Each record beneath this line should be returned exactly as it is.

Source records section start

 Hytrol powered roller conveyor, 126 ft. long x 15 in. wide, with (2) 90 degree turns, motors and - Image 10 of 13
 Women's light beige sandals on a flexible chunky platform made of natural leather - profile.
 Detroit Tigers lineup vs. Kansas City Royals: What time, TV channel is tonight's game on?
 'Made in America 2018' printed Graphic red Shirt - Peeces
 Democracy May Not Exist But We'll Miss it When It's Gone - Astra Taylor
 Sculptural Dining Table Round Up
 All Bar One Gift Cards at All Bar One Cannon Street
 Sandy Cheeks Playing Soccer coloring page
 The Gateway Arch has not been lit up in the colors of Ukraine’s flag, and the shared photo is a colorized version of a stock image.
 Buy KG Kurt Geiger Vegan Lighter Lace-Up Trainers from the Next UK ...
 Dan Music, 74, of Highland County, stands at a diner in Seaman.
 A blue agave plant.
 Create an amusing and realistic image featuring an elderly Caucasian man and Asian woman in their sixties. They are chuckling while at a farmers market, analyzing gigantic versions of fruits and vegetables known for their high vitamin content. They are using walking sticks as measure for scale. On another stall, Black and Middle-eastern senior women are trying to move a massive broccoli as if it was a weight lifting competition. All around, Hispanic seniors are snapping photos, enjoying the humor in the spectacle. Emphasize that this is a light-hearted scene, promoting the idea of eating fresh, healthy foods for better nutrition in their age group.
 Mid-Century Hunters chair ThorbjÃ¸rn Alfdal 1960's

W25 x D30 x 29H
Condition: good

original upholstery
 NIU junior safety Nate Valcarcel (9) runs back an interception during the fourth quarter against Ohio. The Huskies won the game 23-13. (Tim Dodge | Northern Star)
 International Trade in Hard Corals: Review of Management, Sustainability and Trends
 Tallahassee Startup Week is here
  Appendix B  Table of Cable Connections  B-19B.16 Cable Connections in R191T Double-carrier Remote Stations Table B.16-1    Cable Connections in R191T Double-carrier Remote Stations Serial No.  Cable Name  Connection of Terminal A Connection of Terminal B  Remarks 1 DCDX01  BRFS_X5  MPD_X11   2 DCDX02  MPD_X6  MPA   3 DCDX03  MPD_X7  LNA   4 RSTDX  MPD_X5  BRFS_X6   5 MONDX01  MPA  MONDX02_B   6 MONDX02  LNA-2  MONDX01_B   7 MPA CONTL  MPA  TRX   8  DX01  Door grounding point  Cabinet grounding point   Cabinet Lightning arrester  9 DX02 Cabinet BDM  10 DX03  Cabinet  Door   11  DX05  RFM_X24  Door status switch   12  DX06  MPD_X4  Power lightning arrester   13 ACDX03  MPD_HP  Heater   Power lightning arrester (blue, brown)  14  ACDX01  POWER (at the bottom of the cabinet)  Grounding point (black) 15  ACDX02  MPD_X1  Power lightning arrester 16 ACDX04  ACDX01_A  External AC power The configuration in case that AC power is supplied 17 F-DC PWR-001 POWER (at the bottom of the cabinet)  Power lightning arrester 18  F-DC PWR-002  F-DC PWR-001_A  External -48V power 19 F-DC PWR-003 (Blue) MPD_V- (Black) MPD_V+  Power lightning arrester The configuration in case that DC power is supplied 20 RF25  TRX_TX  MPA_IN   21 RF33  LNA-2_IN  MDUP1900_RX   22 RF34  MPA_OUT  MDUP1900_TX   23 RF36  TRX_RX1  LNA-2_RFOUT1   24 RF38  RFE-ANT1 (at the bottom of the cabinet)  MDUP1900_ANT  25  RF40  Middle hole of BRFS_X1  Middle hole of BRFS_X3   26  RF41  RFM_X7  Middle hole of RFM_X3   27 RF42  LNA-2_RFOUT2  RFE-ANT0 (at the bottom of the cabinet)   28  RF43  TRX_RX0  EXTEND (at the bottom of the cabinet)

Source records section end

__Answer for the task__
 Hytrol powered roller conveyor, 126 ft. long x 15 in. wide, with (2) 90 degree turns, motors and - Image 10 of 13
 Women's light beige sandals on a flexible chunky platform made of natural leather - profile.
 Detroit Tigers lineup vs. Kansas City Royals: What time, TV channel is tonight's game on?
 'Made in America 2018' printed Graphic red Shirt - Peeces
 Democracy May Not Exist But We'll Miss it When It's Gone - Astra Taylor
 Sculptural Dining Table Round Up
 All Bar One Gift Cards at All Bar One Cannon Street
 Sandy Cheeks Playing Soccer coloring page
 The Gateway Arch has not been lit up in the colors of Ukraine’s flag, and the shared photo is a colorized version of a stock image.
 Buy KG Kurt Geiger Vegan Lighter Lace-Up Trainers from the Next UK ...
 Dan Music, 74, of Highland County, stands at a diner in Seaman.
 A blue agave plant.
 Create an amusing and realistic image featuring an elderly Caucasian man and Asian woman in their sixties. They are chuckling while at a farmers market, analyzing gigantic versions of fruits and vegetables known for their high vitamin content. They are using walking sticks as measure for scale. On another stall, Black and Middle-eastern senior women are trying to move a massive broccoli as if it was a weight lifting competition. All around, Hispanic seniors are snapping photos, enjoying the humor in the spectacle. Emphasize that this is a light-hearted scene, promoting the idea of eating fresh, healthy foods for better nutrition in their age group.
 Mid-Century Hunters chair ThorbjÃ¸rn Alfdal 1960's

W25 x D30 x 29H
Condition: good

original upholstery
 NIU junior safety Nate Valcarcel (9) runs back an interception during the fourth quarter against Ohio. The Huskies won the game 23-13. (Tim Dodge | Northern Star)
 International Trade in Hard Corals: Review of Management, Sustainability and Trends
 Tallahassee Startup Week is here
  Appendix B  Table of Cable Connections  B-19B.16 Cable Connections in R191T Double-carrier Remote Stations Table B.16-1    Cable Connections in R191T Double-carrier Remote Stations Serial No.  Cable Name  Connection of Terminal A Connection of Terminal B  Remarks 1 DCDX01  BRFS_X5  MPD_X11   2 DCDX02  MPD_X6  MPA   3 DCDX03  MPD_X7  LNA   4 RSTDX  MPD_X5  BRFS_X6   5 MONDX01  MPA  MONDX02_B   6 MONDX02  LNA-2  MONDX01_B   7 MPA CONTL  MPA  TRX   8  DX01  Door grounding point  Cabinet grounding point   Cabinet Lightning arrester  9 DX02 Cabinet BDM  10 DX03  Cabinet  Door   11  DX05  RFM_X24  Door status switch   12  DX06  MPD_X4  Power lightning arrester   13 ACDX03  MPD_HP  Heater   Power lightning arrester (blue, brown)  14  ACDX01  POWER (at the bottom of the cabinet)  Grounding point (black) 15  ACDX02  MPD_X1  Power lightning arrester 16 ACDX04  ACDX01_A  External AC power The configuration in case that AC power is supplied 17 F-DC PWR-001 POWER (at the bottom of the cabinet)  Power lightning arrester 18  F-DC PWR-002  F-DC PWR-001_A  External -48V power 19 F-DC PWR-003 (Blue) MPD_V- (Black) MPD_V+  Power lightning arrester The configuration in case that DC power is supplied 20 RF25  TRX_TX  MPA_IN   21 RF33  LNA-2_IN  MDUP1900_RX   22 RF34  MPA_OUT  MDUP1900_TX   23 RF36  TRX_RX1  LNA-2_RFOUT1   24 RF38  RFE-ANT1 (at the bottom of the cabinet)  MDUP1900_ANT  25  RF40  Middle hole of BRFS_X1  Middle hole of BRFS_X3   26  RF41  RFM_X7  Middle hole of RFM_X3   27 RF42  LNA-2_RFOUT2  RFE-ANT0 (at the bottom of the cabinet)   28  RF43  TRX_RX0  EXTEND (at the bottom of the cabinet)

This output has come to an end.